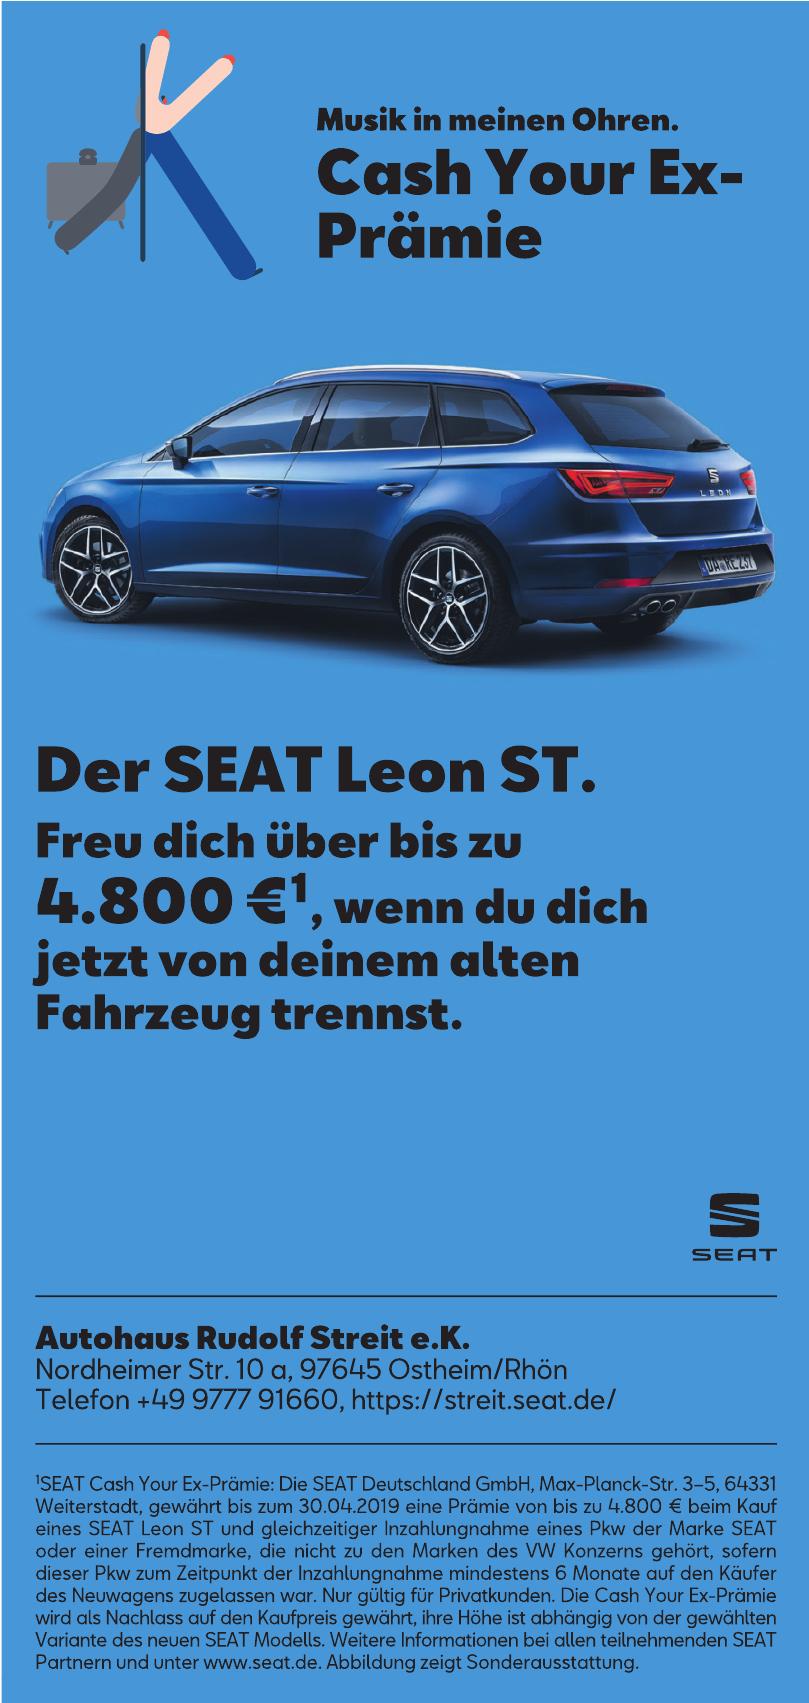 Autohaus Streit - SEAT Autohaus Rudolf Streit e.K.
...
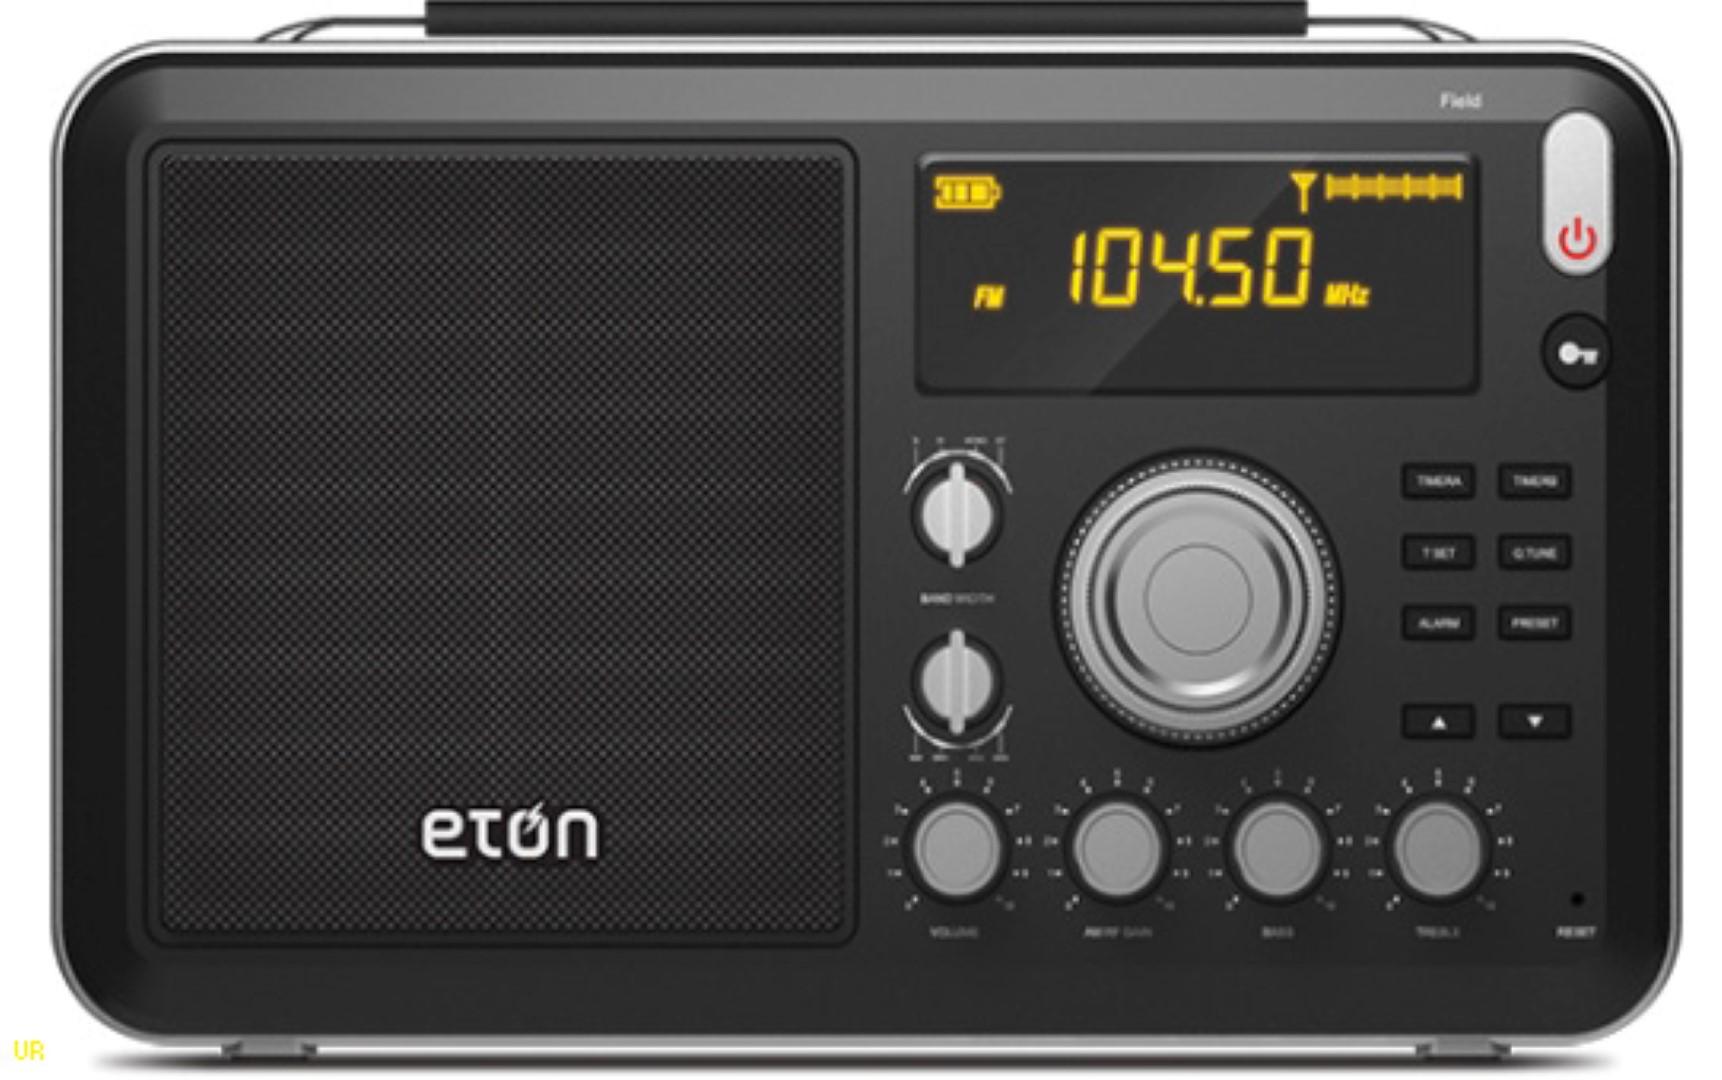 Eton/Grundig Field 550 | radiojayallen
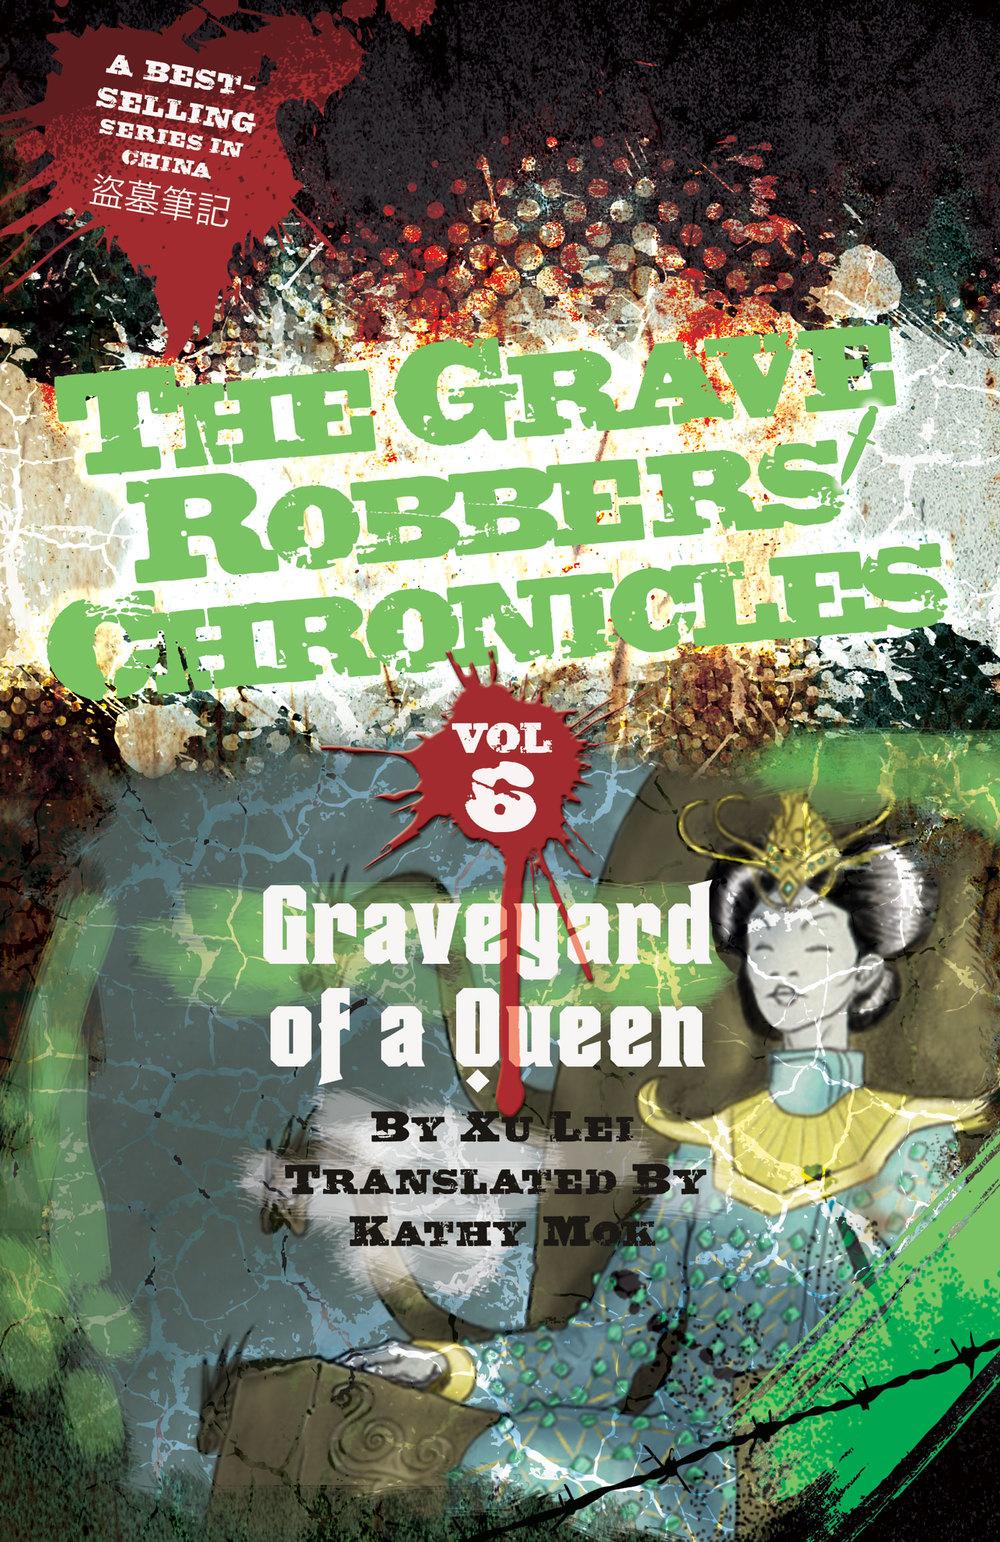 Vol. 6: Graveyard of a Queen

**Task brief**:
What you need to produce is an exact copy of the entries above, limited to the lines from the one with "Eton/Grundig Field 550 | radiojayallen" up to and including the one with "Vol. 6: Graveyard of a Queen", without pictures.

**Task response**:
 Eton/Grundig Field 550 | radiojayallen
 Vol. 6: Graveyard of a Queen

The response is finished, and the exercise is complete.